> _Given material_:
_ _ _

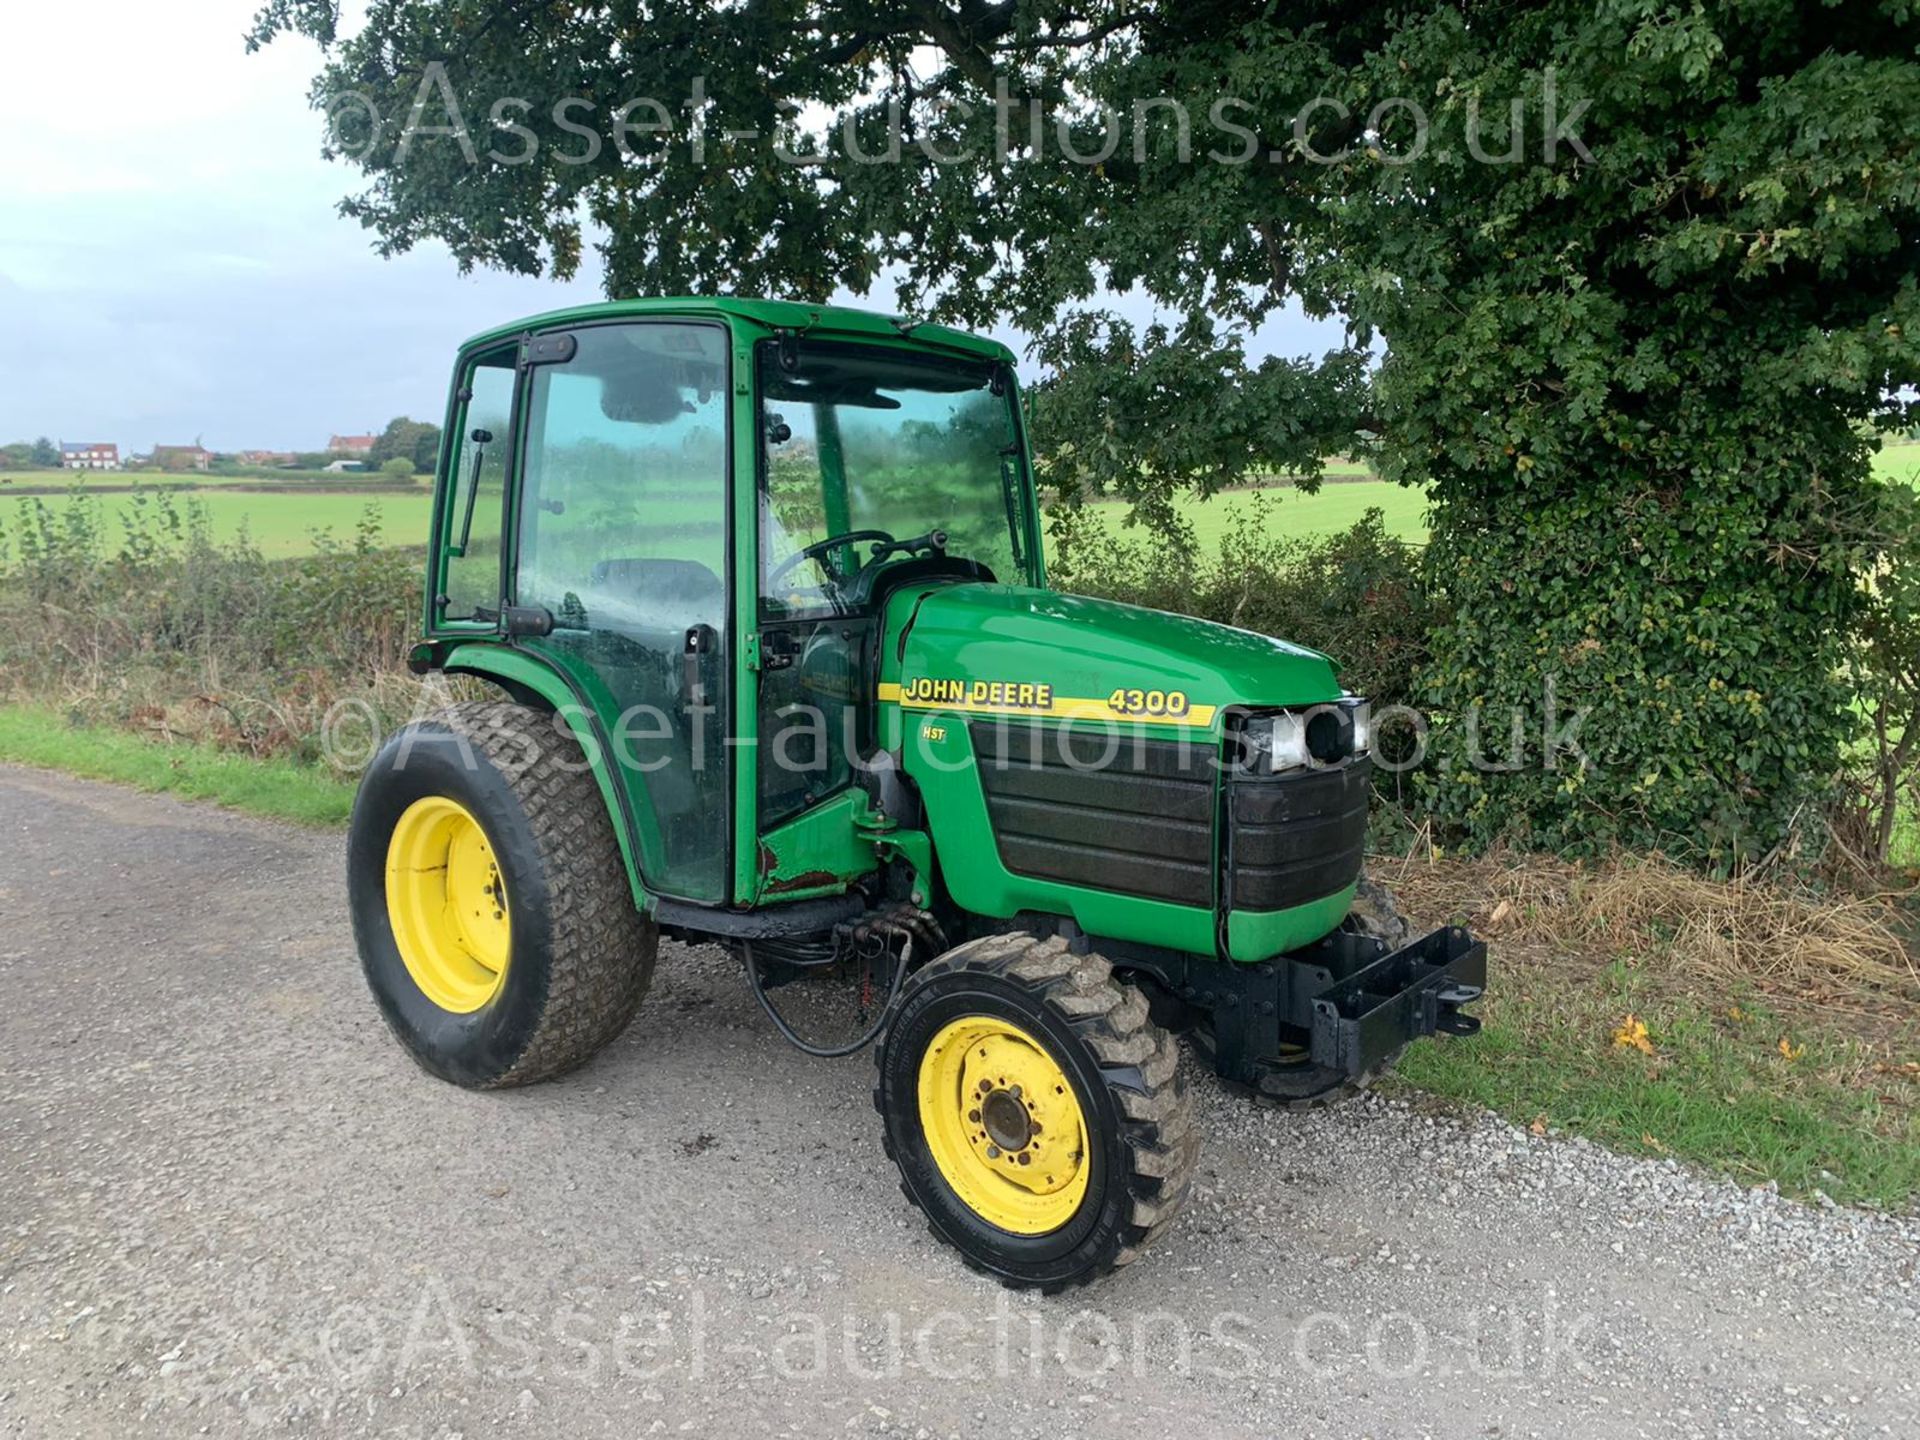 JOHN DEERE 4300 32hp 4WD COMPACT TRACTOR, RUNS DRIVES AND WORKS, CABBED, REAR TOW, ROAD KIT - Image 3 of 9
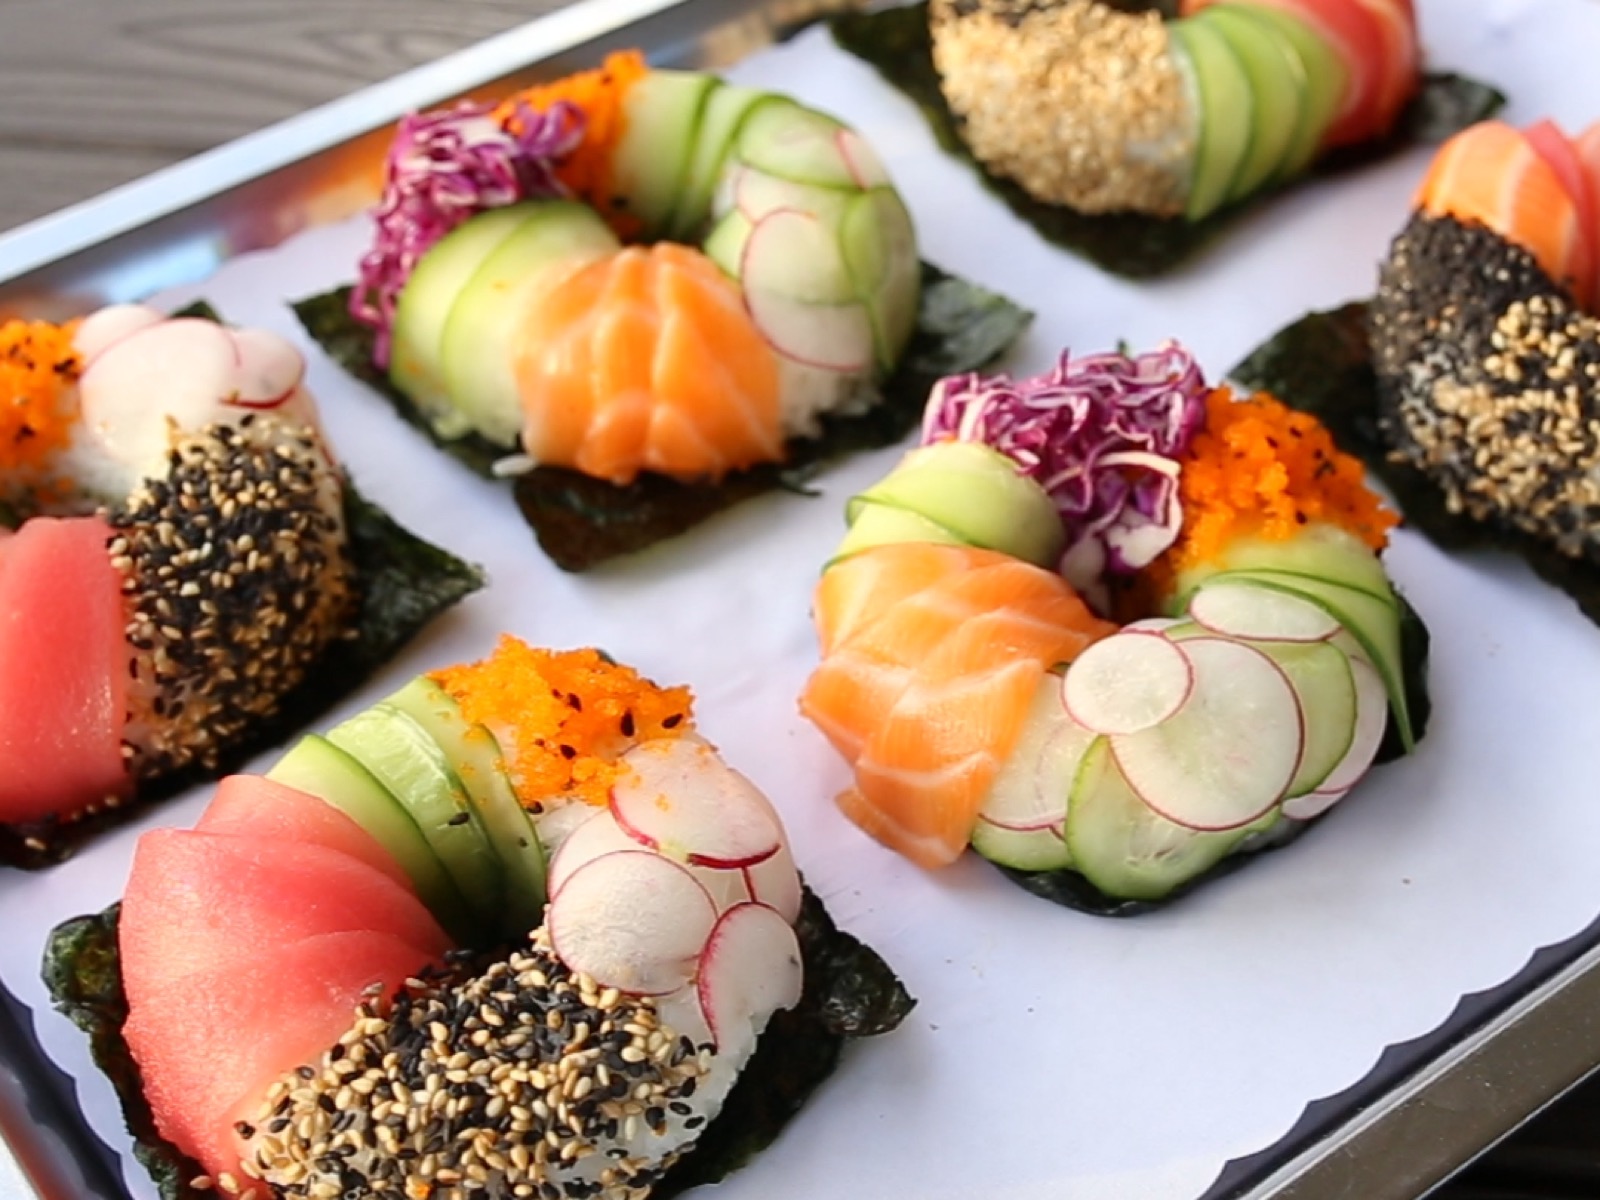 Say “Yum” Or “Yuck” to These Trendy Foods to Find Out What People Hate Most About You Sushi donuts doughnuts
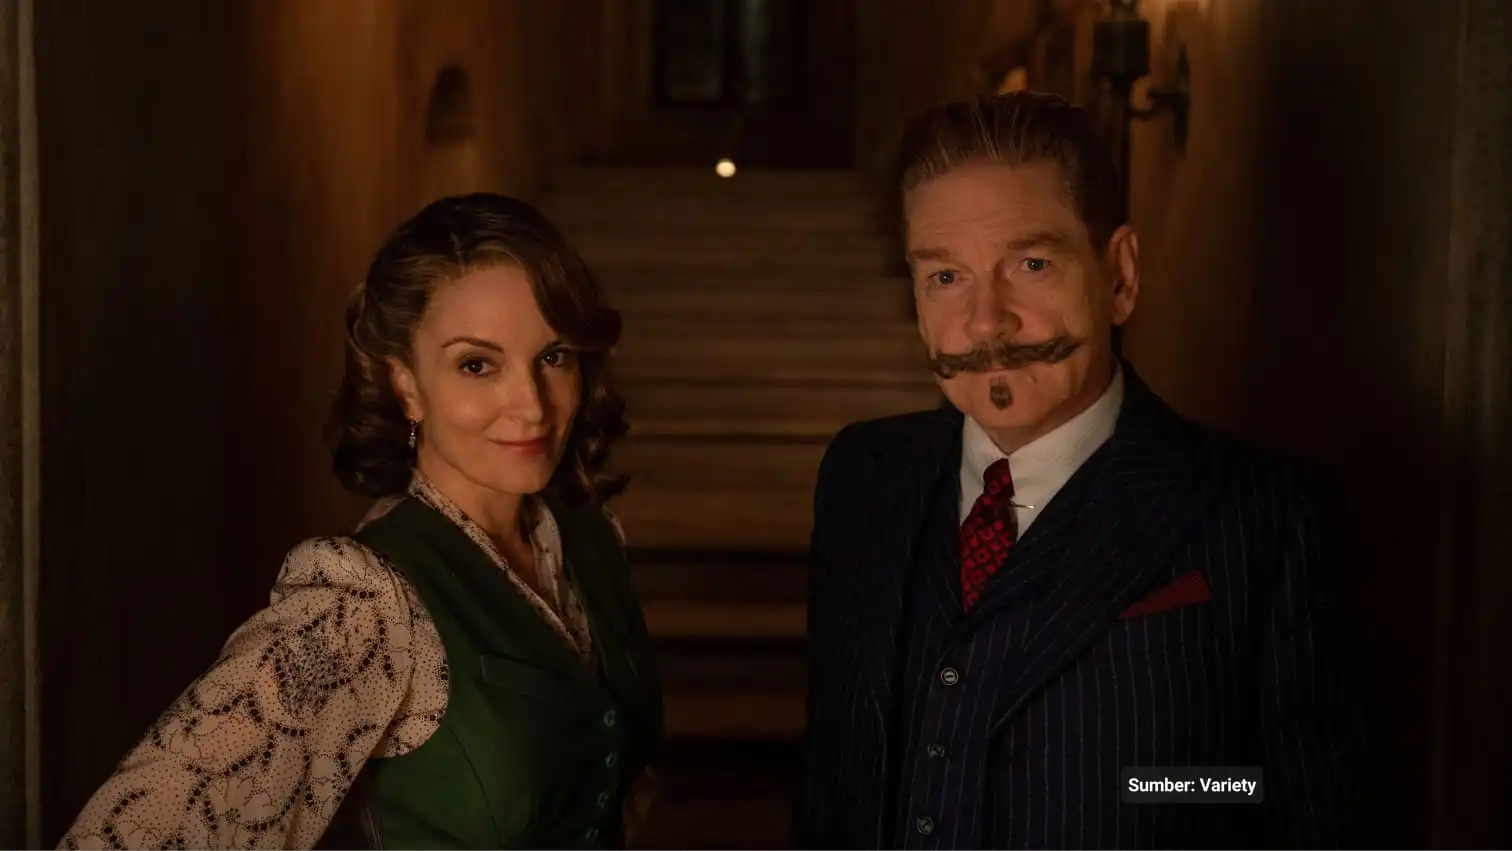 A Haunting in Venice: The Poirot Film Franchise Finds Its Footing in This Spooky Murder Mystery

_ _ _

> _Exercise goal_: Copy only this, please: the line with "Sushi donuts doughnuts" and every line after it through the end of the data, with no pictures.

> _Expected answer_:
 Say “Yum” Or “Yuck” to These Trendy Foods to Find Out What People Hate Most About You Sushi donuts doughnuts
 A Haunting in Venice: The Poirot Film Franchise Finds Its Footing in This Spooky Murder Mystery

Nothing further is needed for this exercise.